In his remarks, Dahal said that he appreciated Modi’s “Neighborhood First” policy and added: “The relations between Nepal and India are age-old and multi-faceted. This relationship stands on the solid foundation built on one hand by the rich tradition of civilizational, cultural, and socio-economic linkage and on the other by the firm commitment of the two countries to the time-tested principle of sovereign equality, mutual respect, understanding and cooperation.
Nepal-Indian relations had been fraught for a number of years over old and new issues. While the Nepalese complained of Indian hegemony, the Indians complained about Nepal’s dalliance with China. The fact that Prime Minister Dahal was heading a Maoist party only made matters worse from the New Delhi angle.
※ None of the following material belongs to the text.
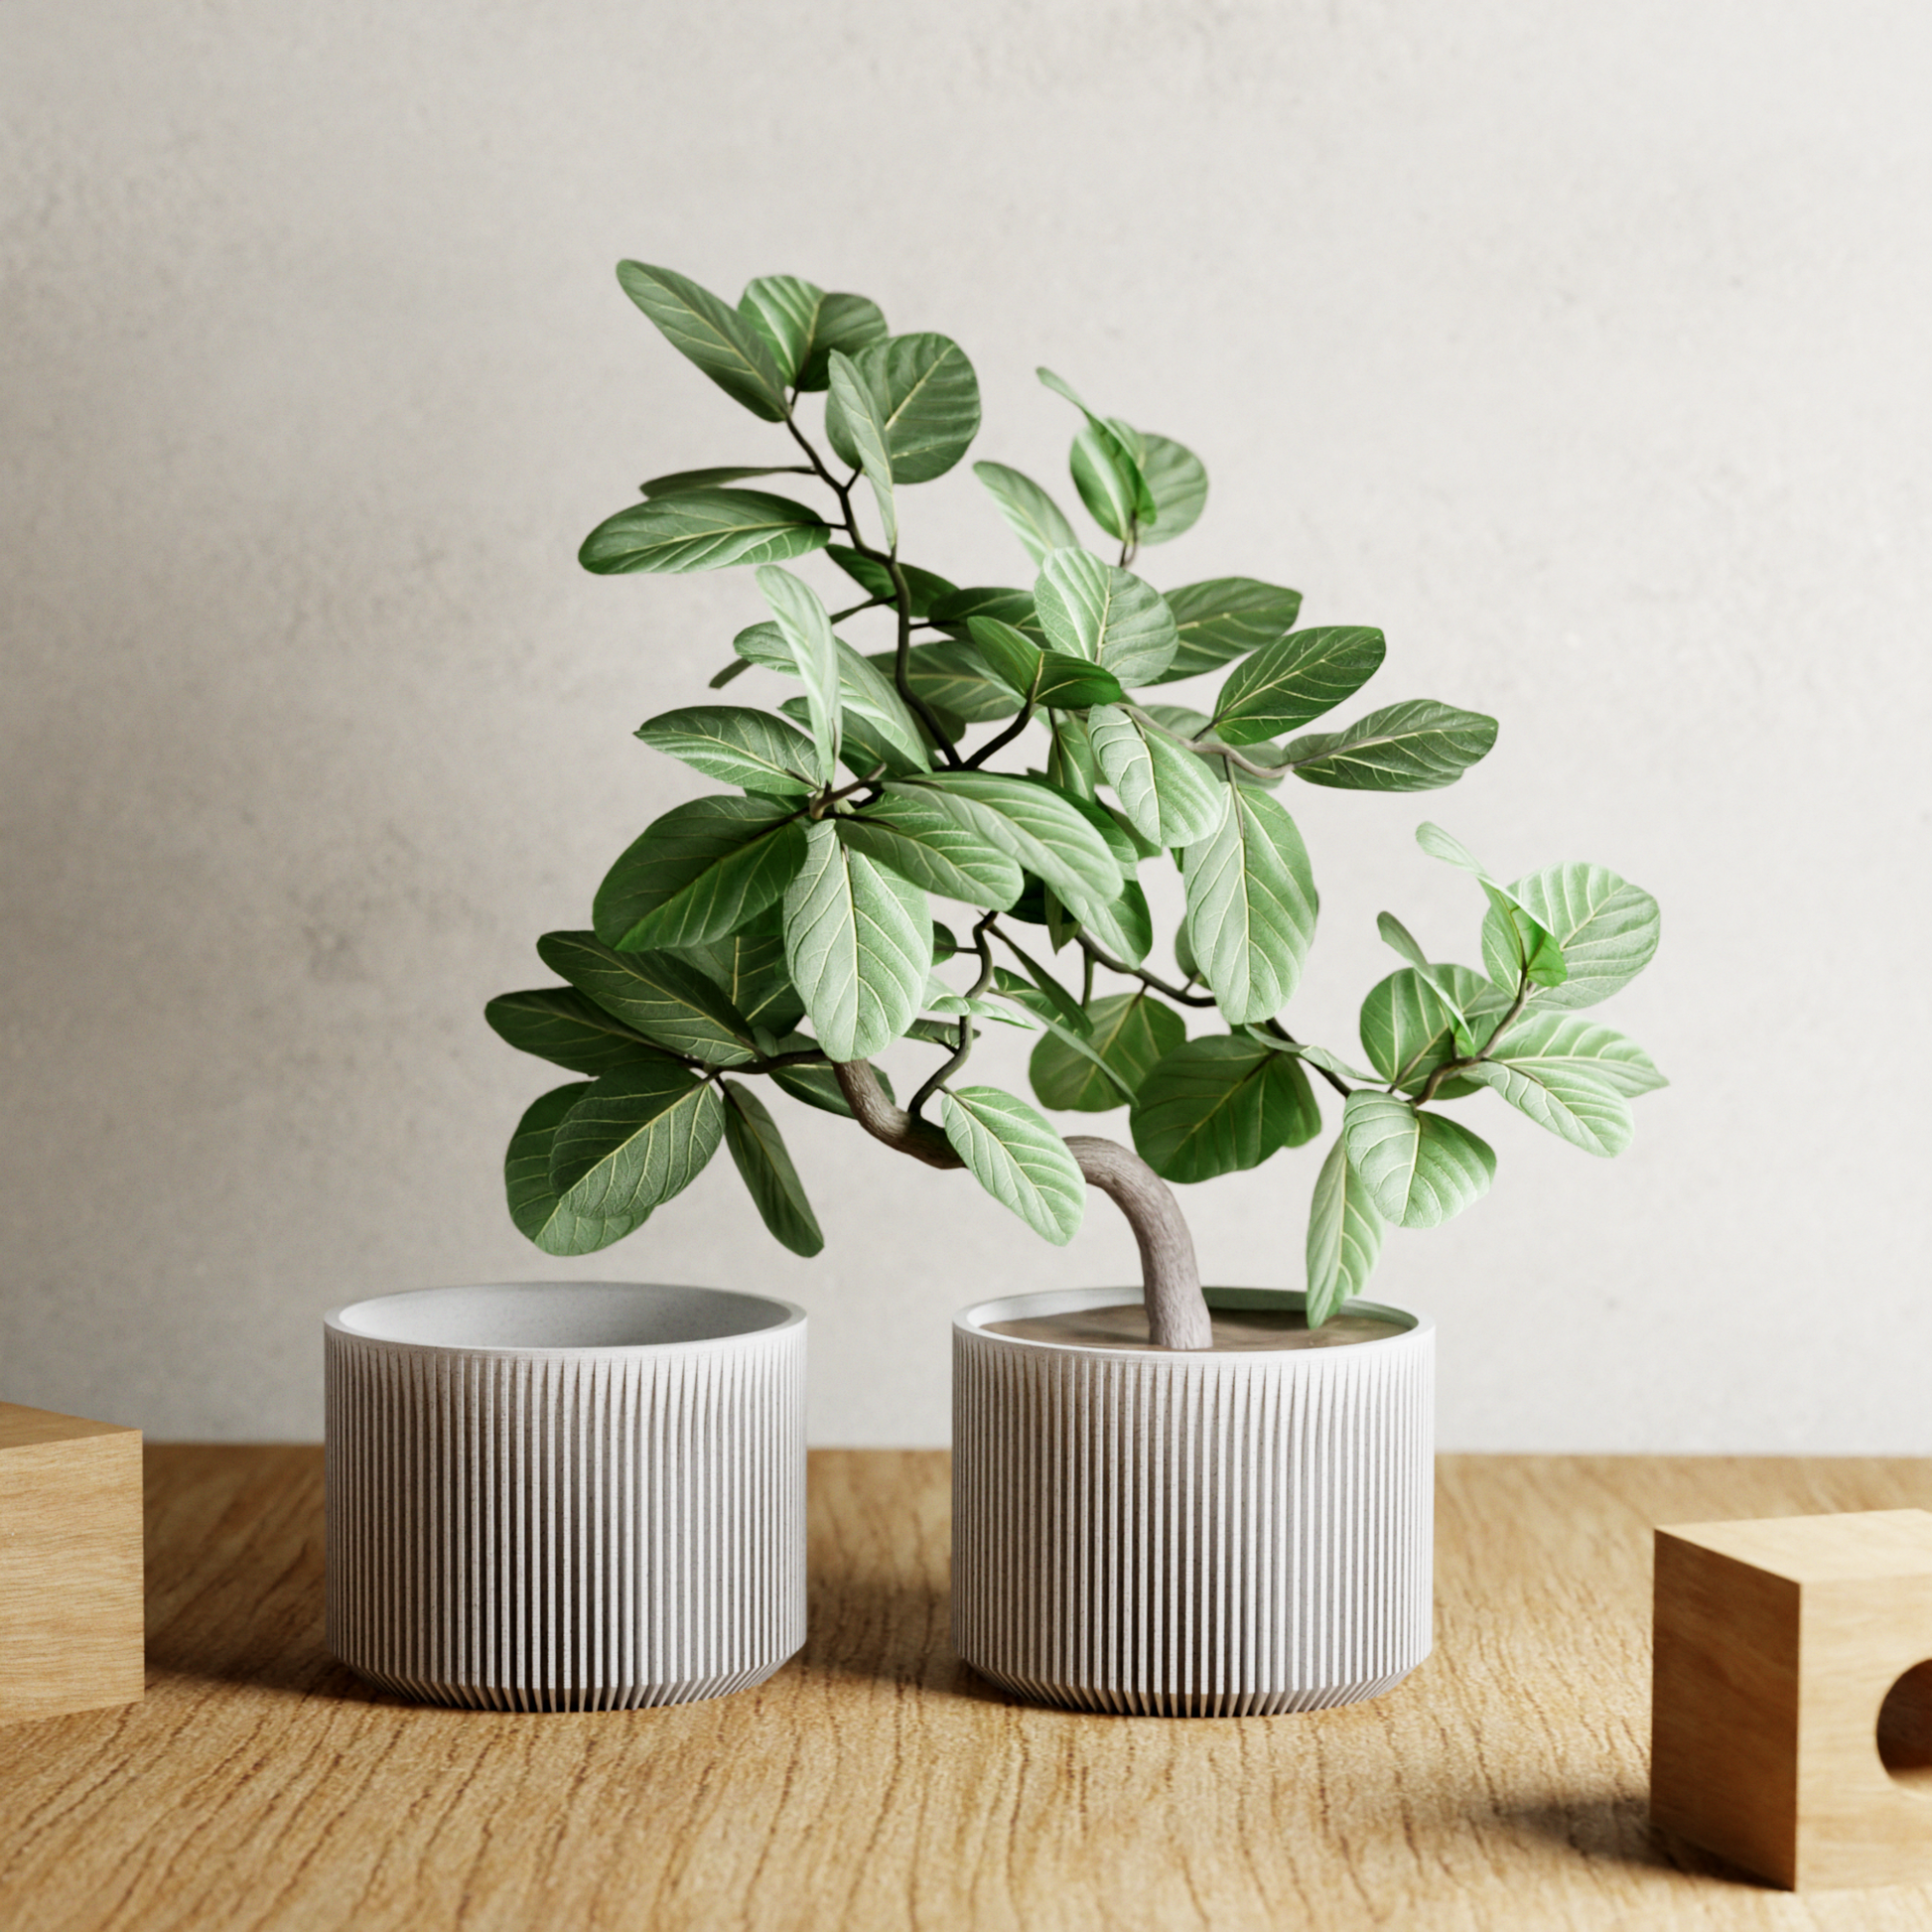 Modernized Pottery - SAKURA Planter  Modernized Pottery   -better made easy-eco-friendly-sustainable-gifting

However, it is now clear that, behind the scenes, Dahal and Narendra Modi had been moving towards a rapprochement. Dahal, head of a Maoist Communist party, had realized that India under Modi could not be wished away, especially because of the stature bestowed upon it by the United States and the West, its fearless advocacy of the interests of the Global South in international forums and its importance in the comity of nations as chair of the G20 and the Shanghai Cooperation Organization (SCO).
Nepal had no option but to fall in line with New Delhi’s thinking because its economic links with the rest of the world is solely through India. Nepal shares a border of over 1,850 km with five Indian States, namely, Sikkim, West Bengal, Bihar, Uttar Pradesh, and Uttarakhand. Land-locked Nepal relies heavily on India for the transportation of goods and services. Nepal’s access to the sea is also through India. Its imports are predominantly from India and through India. The economic and social links across the border are large, multifarious and irreplaceable.
The open border and the stark dependence on India for trade and employment had placed Nepal-India relations at a depth no other bilateral relationship could match. And in contrast to a politically stable and strong India, Nepal is politically unstable, weak and lacking in direction.